Differences in the presence of classic and differentiated dysplasia within groups were assessed with the Fisher’s exact test. A Wilcoxon rank-sum test was conducted to compare time between oral leukoplakia diagnosis and progression between classic and differentiated oral leukoplakia lesions. For malignant transformation survival curves were analyzed by the log-rank test and plotted using the Kaplan–Meier method and hazard ratios (HR) were computed using the Cox proportional hazards model. All statistical analyses were performed using R 3.5.3 (R Core Team, Vienna, Austria). Kaplan–Meier figures were produced using the survminer R package. Statistical significance was assumed when p values are lower than 0.050.

Results

Addition of differentiated dysplasia improves risk stratification for malignant progression

To investigate whether differentiated dysplasia in the oral epithelium has added value as a prognostic marker in patients with oral leukoplakia, the biopsies of all 84 patients were revised to reassess the grade of dysplasia according to WHO classification (classic dysplasia) and to score the presence of differentiated dysplasia. Figure 1 shows examples of classic and differentiated dysplasia in the oral mucosa. Figure 2 gives an overview of the distribution of progression and types of dysplasia for all oral leukoplakia patients. Differentiated dysplasia (33 out of 84, 39%) is as common as classic dysplasia (28 out of 84, 33%), with no significant difference between progressors and nonprogressors (Fig. 2, p = 0.311, Fisher’s exact test). Time in months between oral leukoplakia biopsy and progression was significantly longer for lesions with only differentiated dysplasia (median = 60) compared with lesions with only classic dysplasia (median = 36; W = 19.5, p = 0.025). Out of 84, 56 patients did not show classic dysplasia. From this group 11 patients (20%) progressed. However, when classic dysplasia is combined with differentiated dysplasia, only 2 out of 30 (7%) lesions without any form of dysplasia progressed to a squamous cell carcinoma of the upper aerodigestive tract. Univariate analysis showed that the presence of classic dysplasia was significantly related to malignant transformation (Fig. 3a, HR = 3.26, 95% CI 1.48–7.19, p = 0.002). When only considering lesions without classic dysplasia, the presence of differentiated dysplasia imparts an increased risk of progression (Fig. 3b, HR = 5.48, 95% CI 1.18–25.35, p = 0.014). When classic dysplasia and differentiated dysplasia are combined, this is a considerably stronger prognostic factor for malignant transformation (Fig. 3c, HR = 7.43, 95% CI 1.75–31.56, p = 0.001). Almost all cases that progressed showed dysplasia. However, it should be noted that of all cases with any dysplasia (54) only 23 progressed (43%). Finally, lesions that contained both classic and differentiated dysplasia did not appear to be at higher risk, although this involved only a small subset of lesions (n = 8).

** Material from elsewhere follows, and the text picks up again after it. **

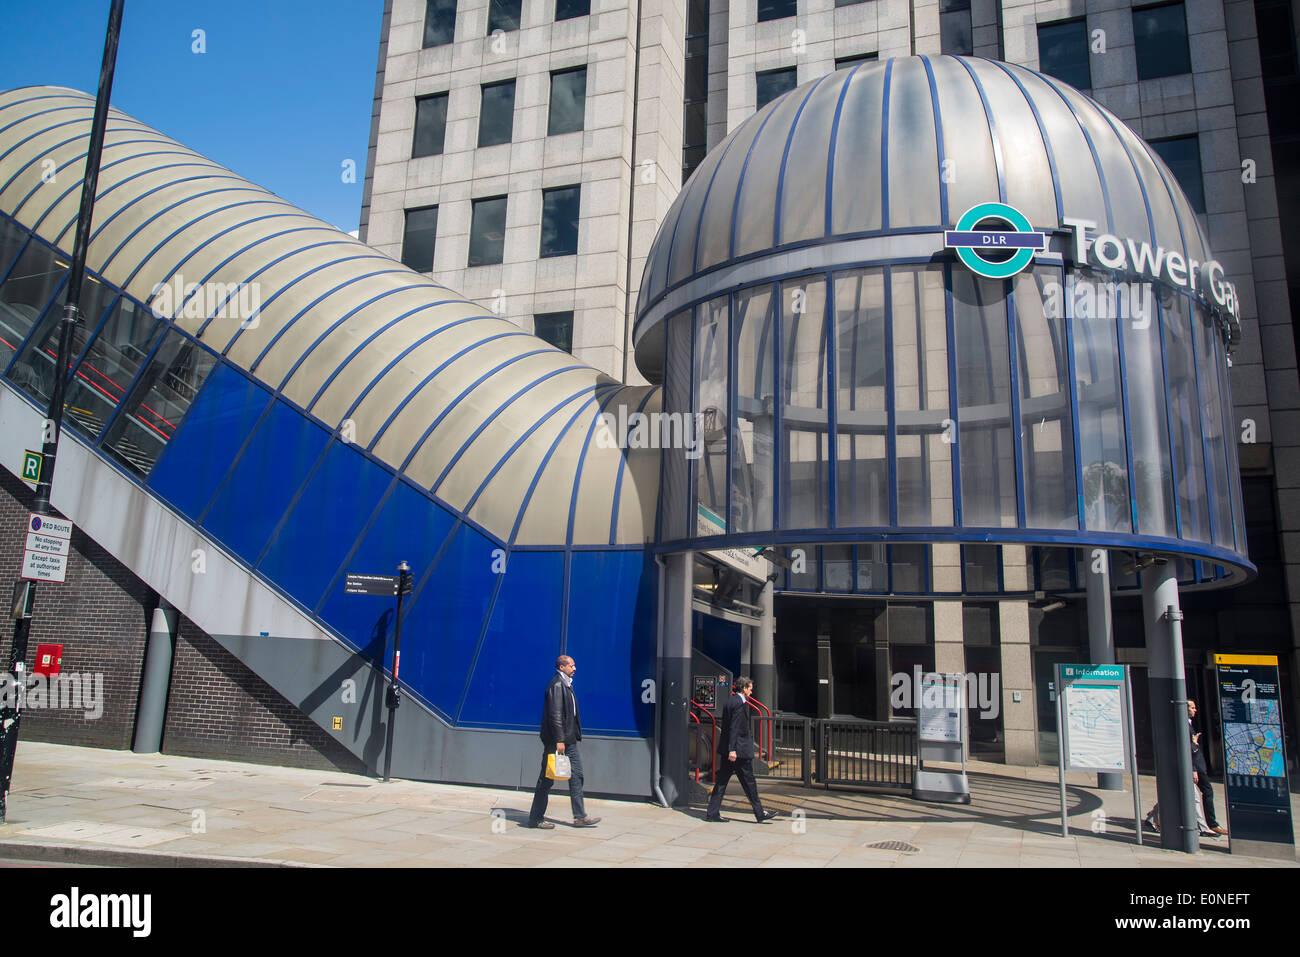 Tower Gateway DLR station, Tower Hamlets, London, UK - Stock Image

Fig. 1: Examples of classic and differentiated dysplasia.
figure 1

In classic dysplasia (a) the keratinocytes have enlarged and hyperchromatic nuclei, decreased nuclear–cytoplasmic ratio, mitoses in suprabasal layers and loss of differentiation towards the surface. Differentiated dysplasia (b) is characterized by a basal layer of small cells with hyperchromatic or open nuclei with small nucleoli with an abrupt transition to suprabasal large cells with abundant, eosinophilic cytoplasm with differences in eosinophilia, intercellular edema with clearly visible desmosomes, and large, open nuclei with prominent nucleoli.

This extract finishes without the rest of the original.